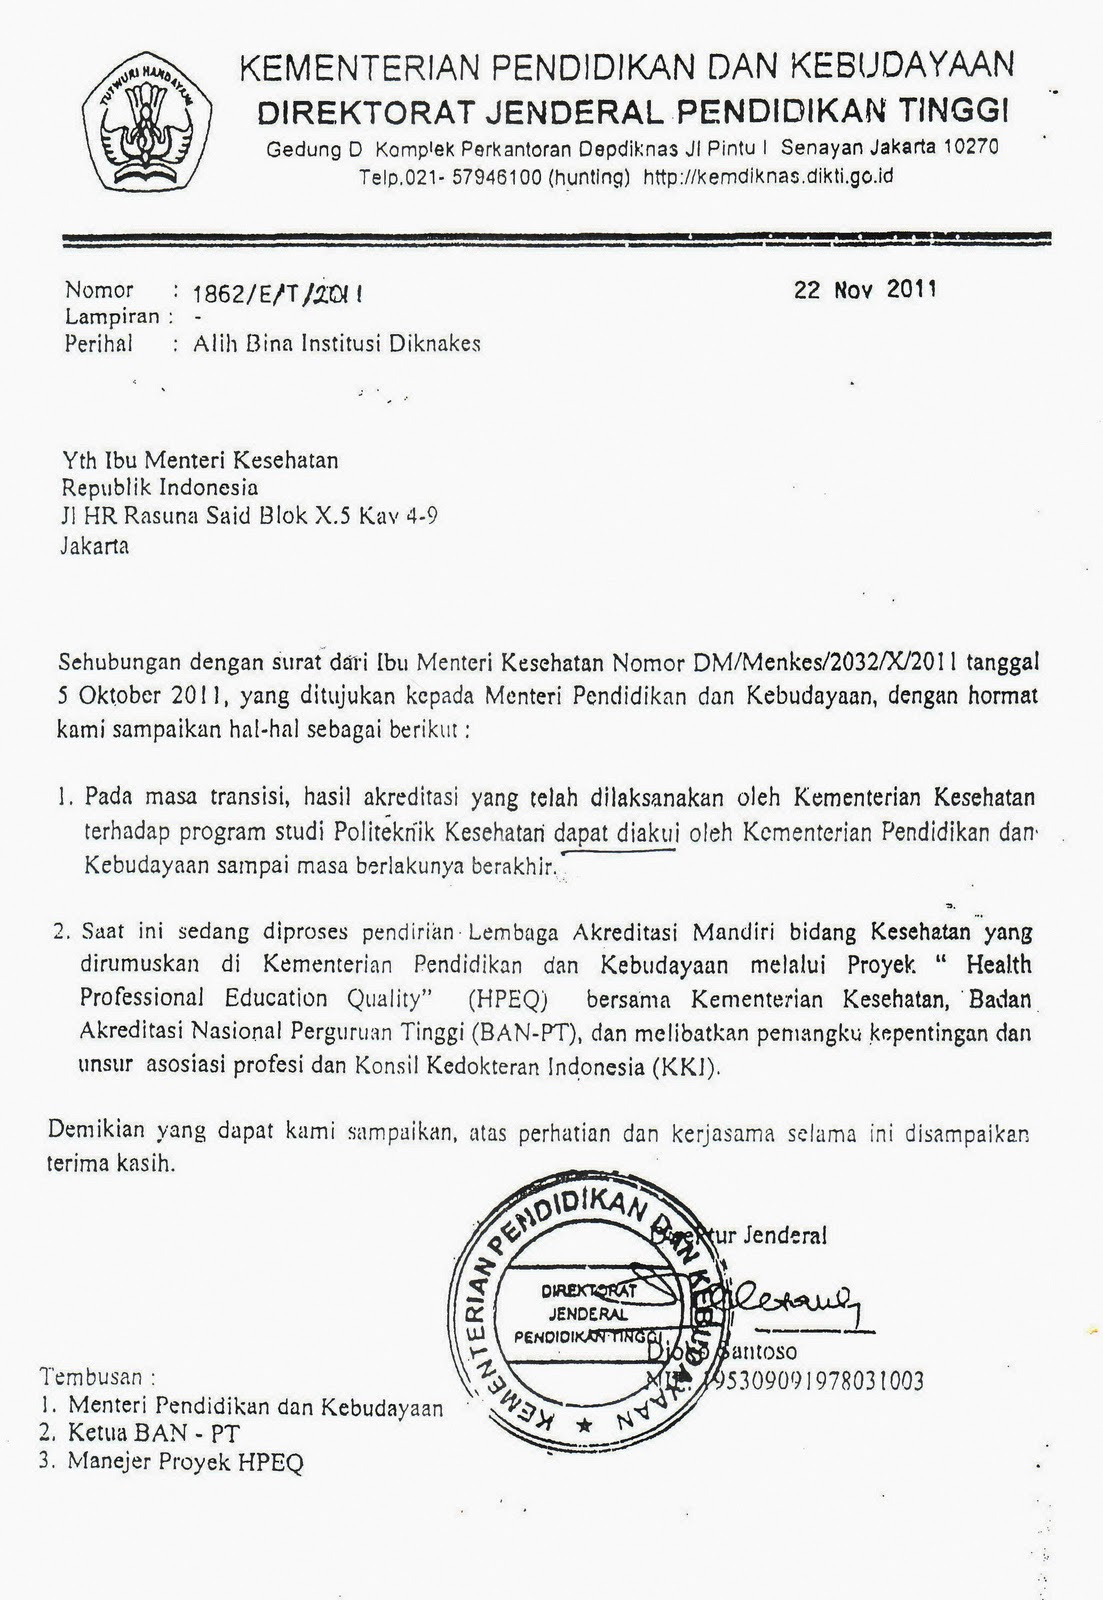 Contoh Surat Dinas Hanging Paragraph Detil Gambar Online
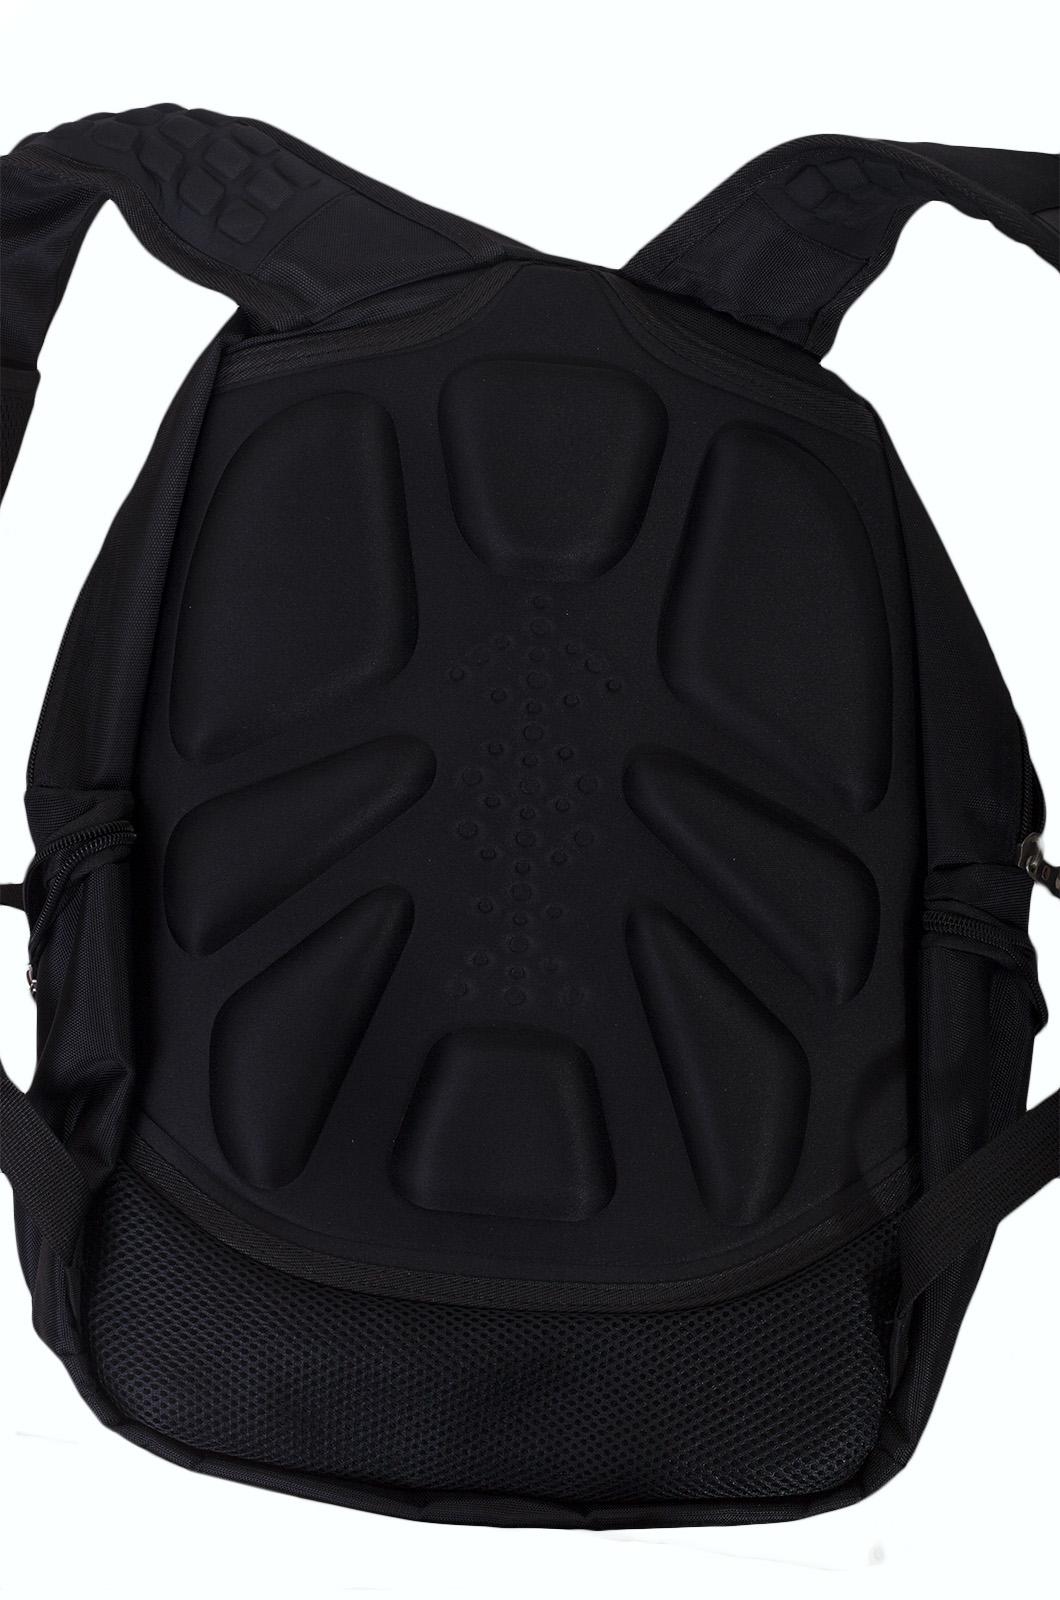 Мужской заплечный рюкзак с нашивкой Пограничных войск купить оптом
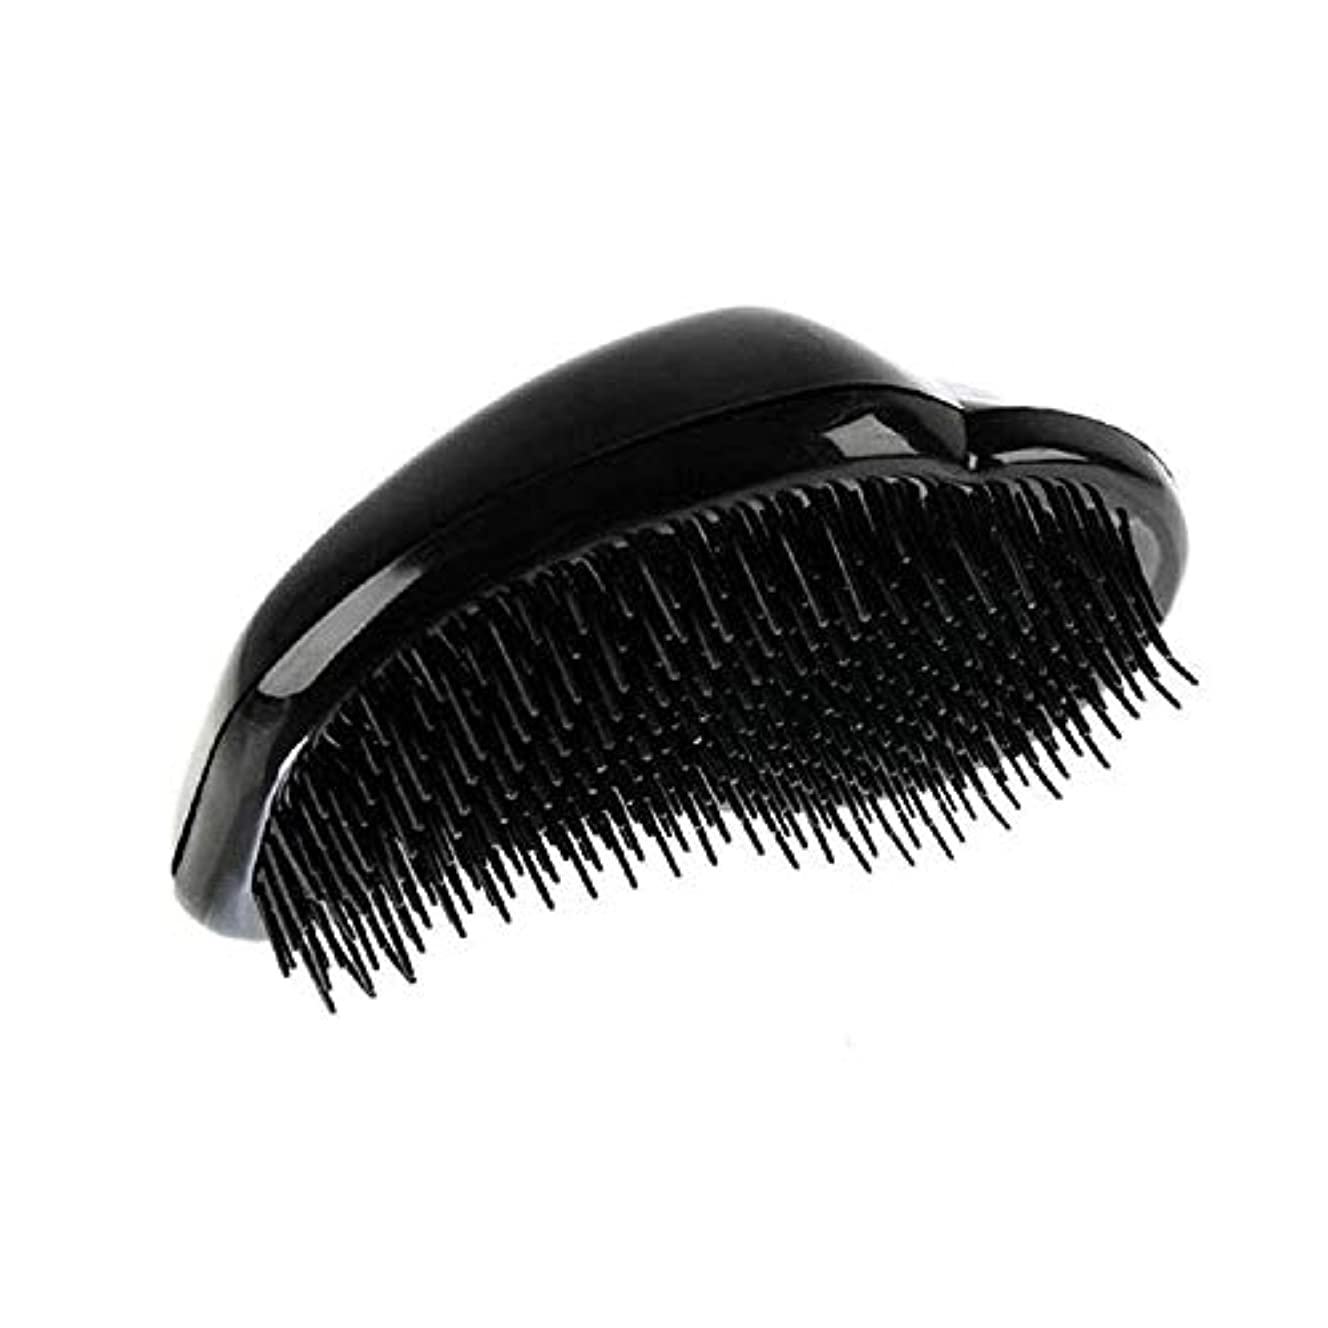 イーウェルバッチ金額1st market 黒のプラスチック製の髪の櫛理髪の櫛の女性のエアバッグの櫛のマッサージの櫛のヘアブラシ帯電防止デタングルの櫛パーフェクト軽量ポケットサイズ1ピース耐久性と便利

YOUR TASK:
Transcribe the full listing above exactly, with the images removed.

RESPONSE BOX:
 Contoh Surat Dinas Hanging Paragraph Detil Gambar Online
 Мужской заплечный рюкзак с нашивкой Пограничных войск купить оптом
 イーウェルバッチ金額1st market 黒のプラスチック製の髪の櫛理髪の櫛の女性のエアバッグの櫛のマッサージの櫛のヘアブラシ帯電防止デタングルの櫛パーフェクト軽量ポケットサイズ1ピース耐久性と便利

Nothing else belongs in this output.